Bookstore ladder: bookstore-data (postgres) > bookstore-critical
(catalog/orders/storefront) > bookstore-batch (migration/cleanup) — far
below the cluster's system-*-critical.
Diagrams¶
Preemption decision & flow (Mermaid)¶
flowchart TB
pop["High-priority Pod P popped from activeQ"]
filter{"Filter: any feasible node
for P as-is?"}
sched["Score -> Reserve -> Bind
(normal scheduling, no preemption)"]
pp{"PostFilter (preemption):
is there a node where evicting only
LOWER-priority Pods makes P fit?"}
pending["P stays Pending
(FailedScheduling: no preemption victims)"]
pick["Pick victim set:
fewest / lowest-priority Pods that frees enough;
PDB respected BEST-EFFORT; honor lower-priority only"]
nominate["Set P.status.nominatedNodeName = that node"]
evict["Graceful delete victims
(SIGTERM + terminationGracePeriod, preStop runs)"]
room["Room frees on nominated node"]
rsched["P re-queued; on its NEXT cycle it wins
the nominated node (re-evaluated, not guaranteed)"]
pop --> filter
filter -- yes --> sched
filter -- no --> pp
pp -- no --> pending
pp -- yes --> pick --> nominate --> evict --> room --> rsched
pending -. cluster changes (capacity, Pod deleted) .-> pop
The priority ladder & the four "Pod vanished" causes (ASCII)¶
PRIORITY LADDER (higher value = scheduled first, preempted last)

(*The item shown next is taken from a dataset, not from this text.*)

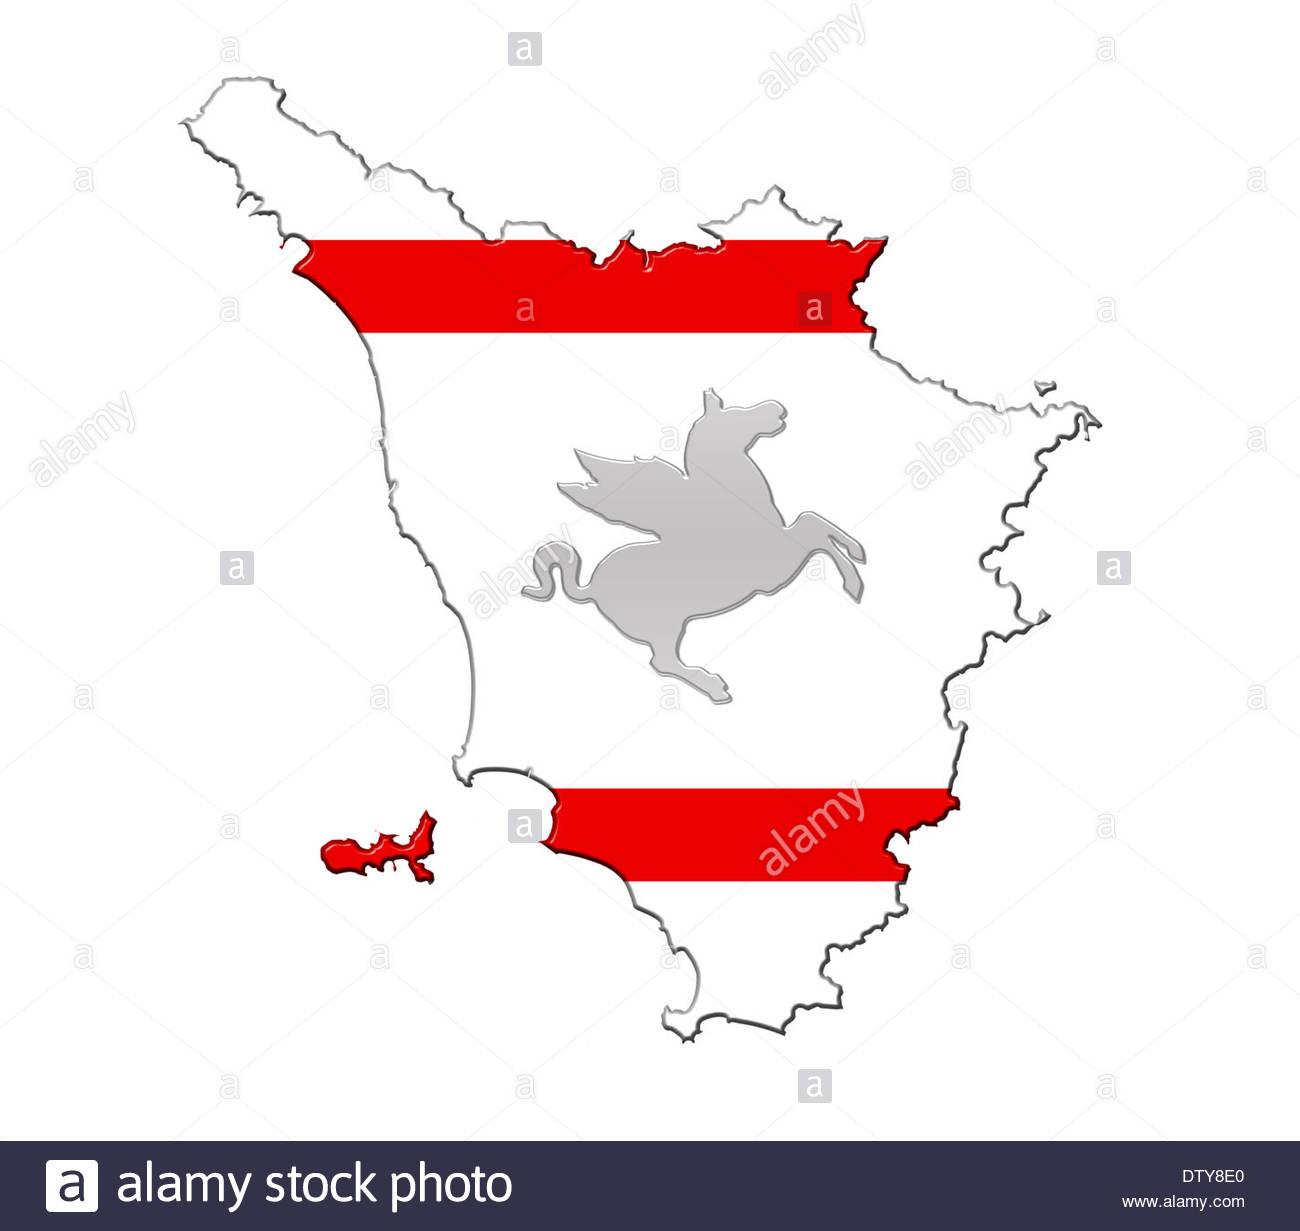 Italy Tuscany flag map banner Toscana Stock Photo: 66982216 - Alamy

2000001000 system-node-critical (kube-proxy, CNI, node-critical add-ons)
2000000000 system-cluster-critical (CoreDNS, metrics-server, etc.)
─────────── built-in ceiling; Bookstore stays well below ───────────
1000000 bookstore-data postgres (preempts lower if needed)
100000 bookstore-critical catalog/orders/storefront
1000 bookstore-batch db-migrate / cleanup (preemptionPolicy: Never)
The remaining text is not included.